Nonetheless, Flowers clearly felt he was on a roll. “I put it to you that you frightened the life out of him after he told you about going off with this woman,” he persisted.
“I did no such thing,” Greenaway flattened his voice out again. “No such thing.”
Swaffer scribbled: Stoic in the face of the defence’s barrage of insinuation, Edward Greenaway proved to the jury the qualities that have earned him the rank of Detective Chief Inspector. He is the tower of strength we require to uphold the truth.
– . –
Flowers called Cummins himself to the dock next.
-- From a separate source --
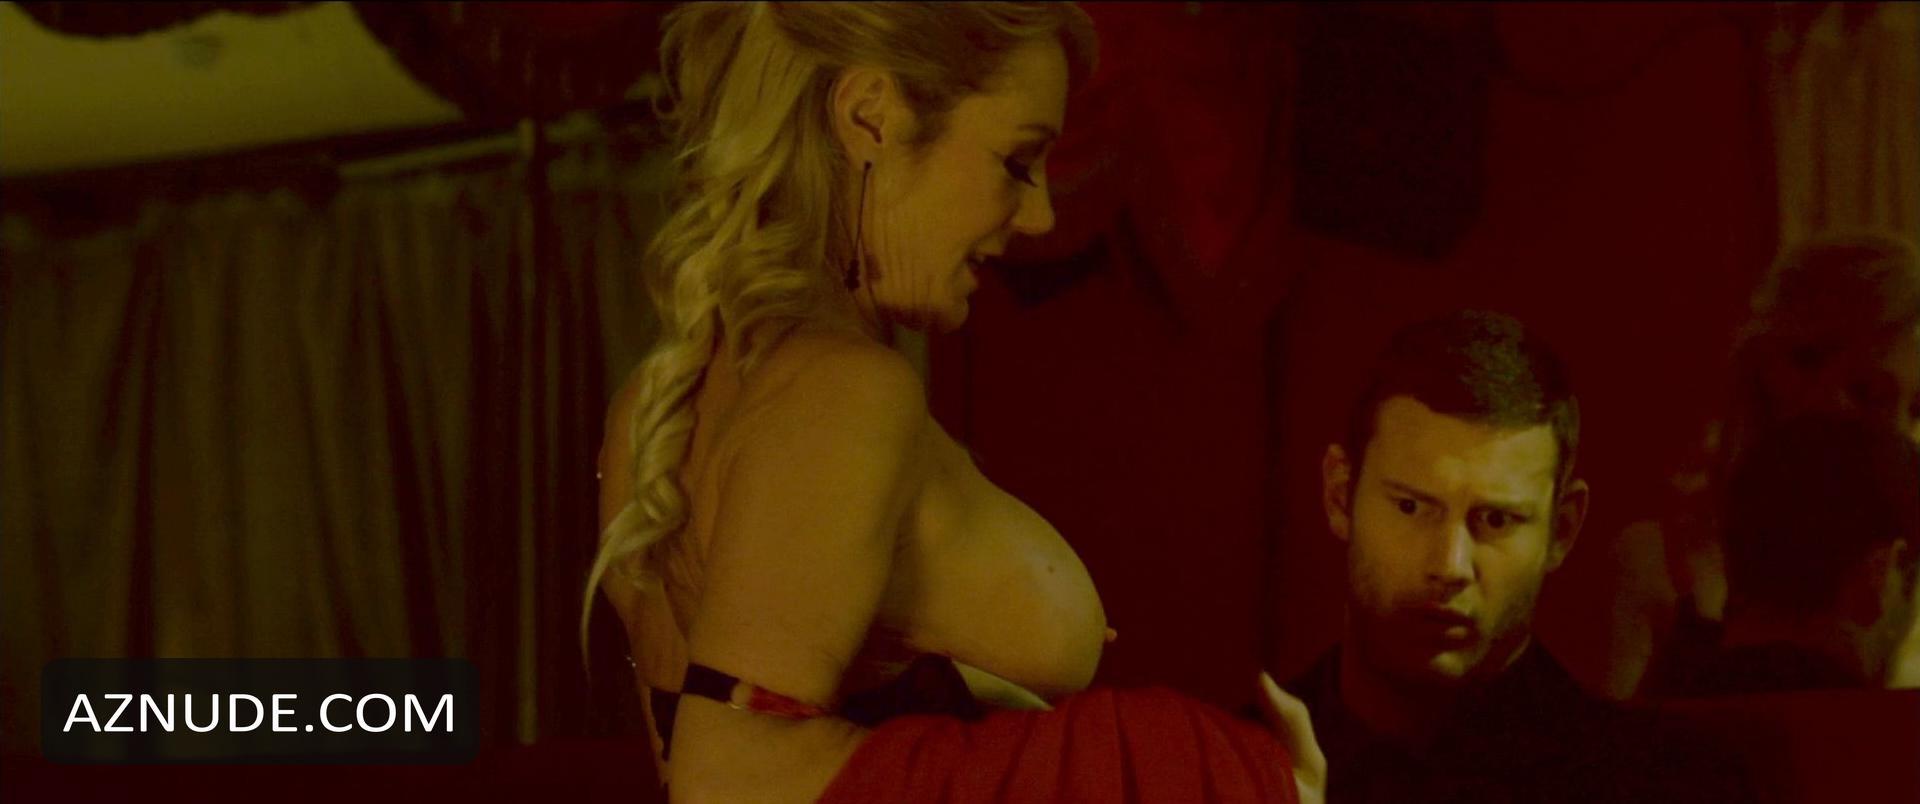 Helen pearson nude

During Greenaway’s testimony, the airman had assumed an air of nervous bewilderment, which he persisted with in the witness box, his hands clasped tremulously together in front of him.
“Would you tell My Lord and the jury, what, if anything, had been said to you by Mr Greenaway just before you made your statement?” Flowers asked.
Casting a brief look of terror in the DCI’s direction, Cummins proceeded in his best King’s English. “I told him I was very glad to see him, because I had every confidence we could sort out this misunderstanding he had of me like gentlemen. To which Inspector Greenaway replied that I had him at a disadvantage for he was no gentleman.”
“And then, what did Mr Greenaway say to you when you told him you had been with a woman in Wardour Street on the night of the ninth of February?”